(Your assignment)
Find "Fountain on the" in the data below; transcribe the line it appears on and each line after it, exactly, to the end, and nothing else.

----- Task material -----

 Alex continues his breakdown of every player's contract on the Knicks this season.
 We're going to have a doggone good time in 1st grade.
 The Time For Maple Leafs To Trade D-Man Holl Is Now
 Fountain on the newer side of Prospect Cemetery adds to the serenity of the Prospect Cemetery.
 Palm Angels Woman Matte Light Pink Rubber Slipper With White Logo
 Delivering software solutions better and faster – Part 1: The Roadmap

-----

(The completed task)
 Fountain on the newer side of Prospect Cemetery adds to the serenity of the Prospect Cemetery.
 Palm Angels Woman Matte Light Pink Rubber Slipper With White Logo
 Delivering software solutions better and faster – Part 1: The Roadmap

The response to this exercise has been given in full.